Drug companies, of course, are not just sitting still. They may raise list prices abroad to push up the MFN benchmark, then quietly hand out secret discounts overseas to keep their foreign buyers happy. They may delay launches in poorer countries so that low prices there do not set a precedent. They may even change drug formulas to make comparisons harder. A 2023 study already showed that MFN-like rules in Europe delayed launches in low-income nations by up to a year, while doing little to reduce prices in wealthy countries. If America forces its own version of MFN, it risks exporting that same delay worldwide.

And tariffs? They will sting, but perhaps less than advertised. Generics, which make up 90% of prescriptions, are exempt. Companies that invest in U.S. plants are spared too, and many have already promised to build them. But factories take years to rise, and costs will climb once they are running. In the end, tariffs may add more smoke than fire.

Meanwhile, drugmakers point the finger at the middlemen. IQVIA data shows that in 2024, American drug sales topped $1 trillion, but manufacturers pocketed only $487 billion after rebates and discounts. More than $500 billion went to intermediaries, especially PBMs. With three firms controlling nearly 80% of prescription claims, they act like toll collectors on the highway to health. They profit from high list prices, encouraging the very inflation the president wants to fight. Regulators are circling PBMs, but so far, drugmakers remain the public villains.

Some companies are experimenting with direct-to-patient sales, offering blockbuster drugs like Eliquis at 40% discounts and obesity treatments at half-price. But such models only work for simple medicines. Complex therapies still depend on the entrenched network of insurers and PBMs.

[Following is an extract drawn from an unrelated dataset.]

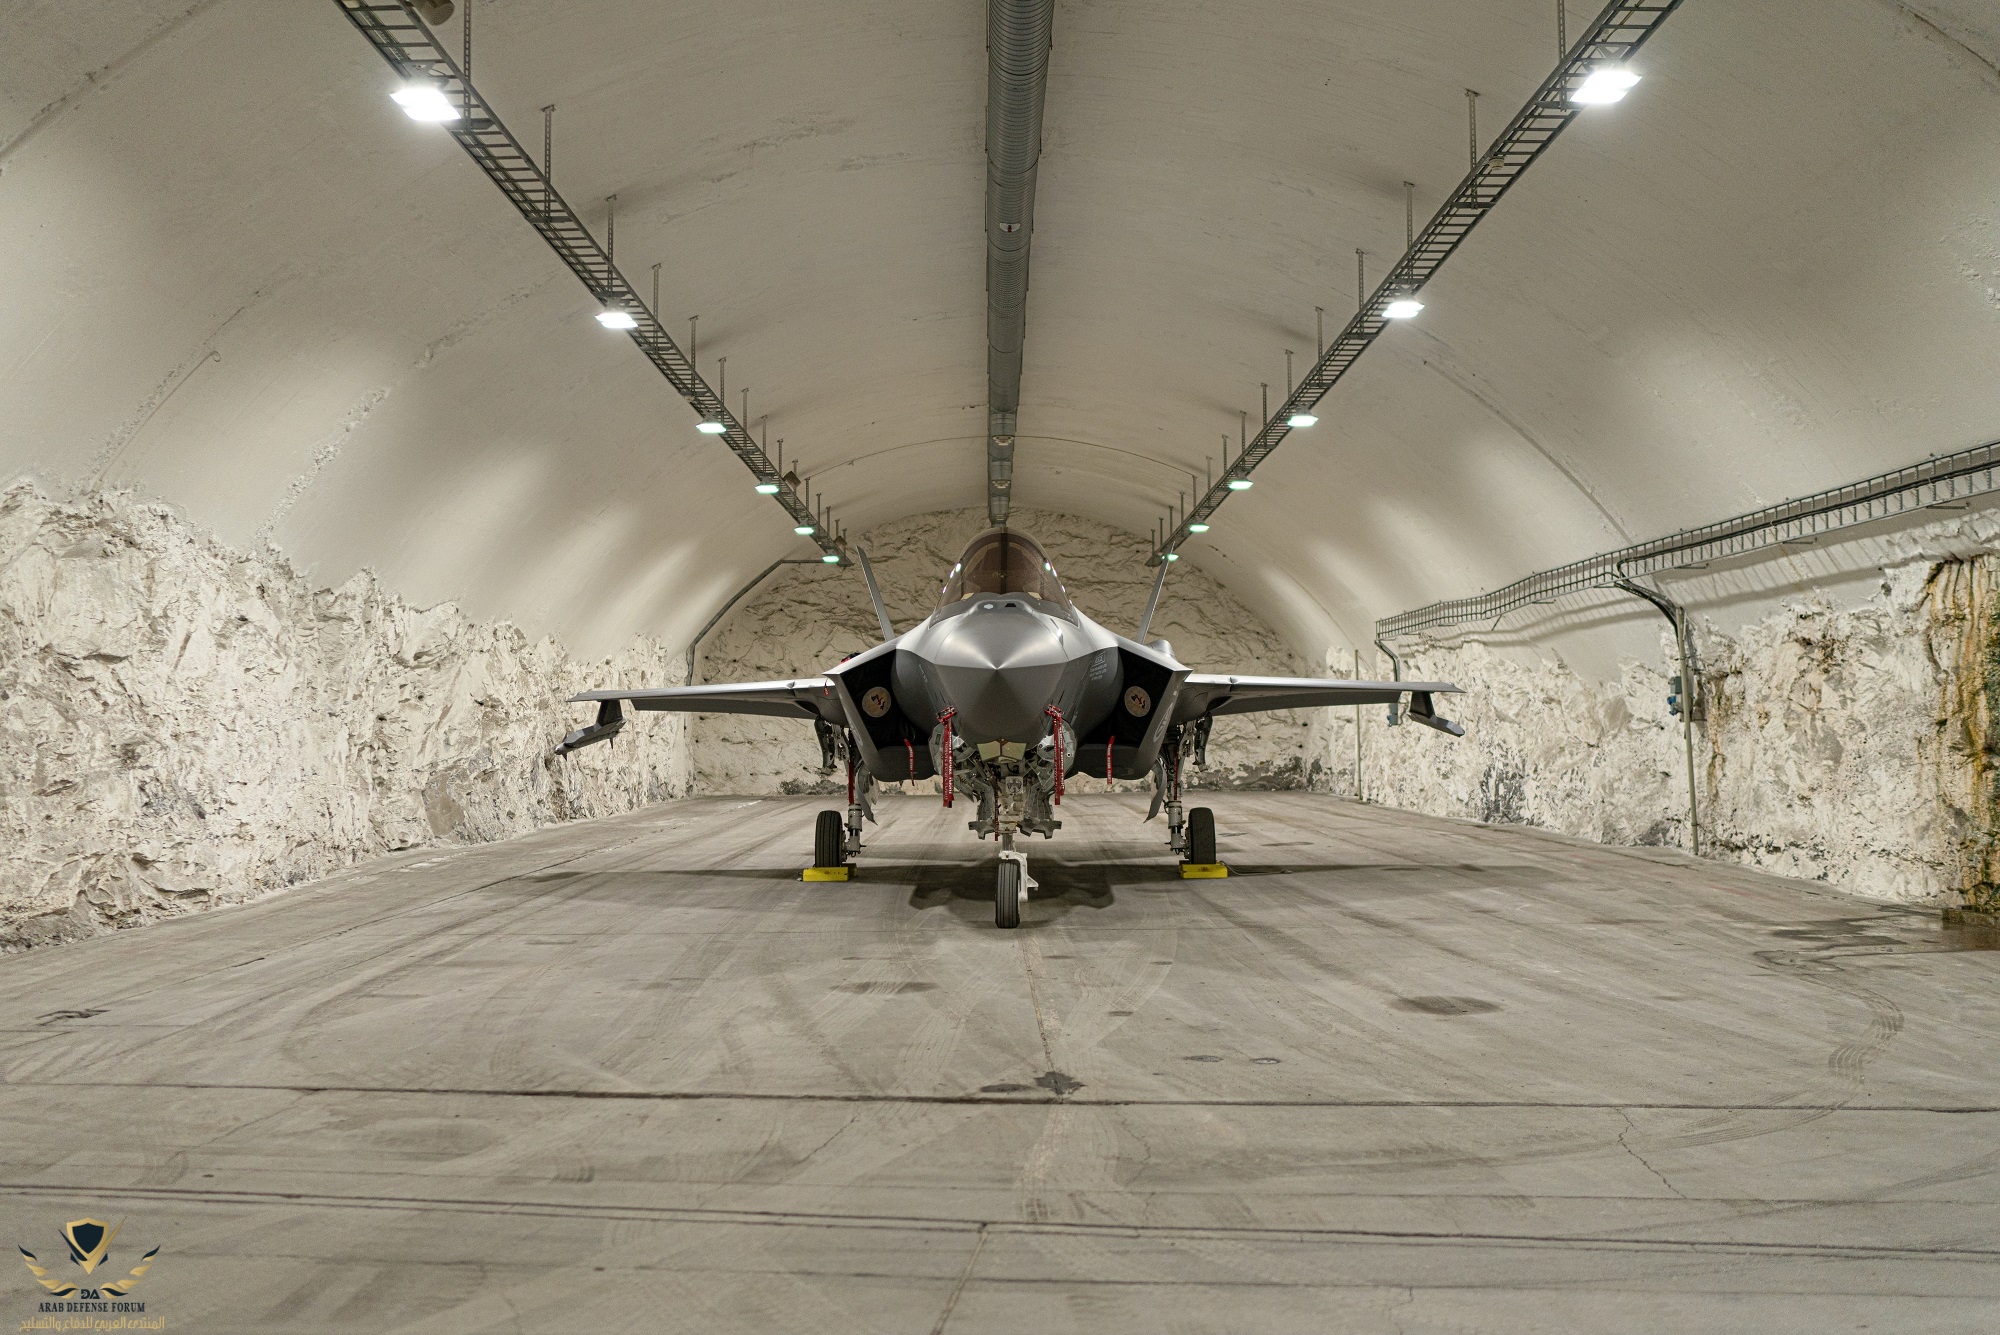 Norway-deploys-F-35-jets-in-reactivated-mountain-base -3.jpg

So here we stand: a nation with sky-high prices, a president wielding tariffs and MFN rules, and an industry warning of fewer cures. I cannot ignore the absurdity. We live in a country where the same pill costs a fortune here and a fraction abroad, and the man promising to fix it may end up breaking the system instead. The road to hell is often paved with good intentions, and Trump’s plan, however bold, may prove that truth once again. If America’s most inventive sector spends the next four years surviving instead of thriving, we may all pay the price—not just at the pharmacy, but with our health.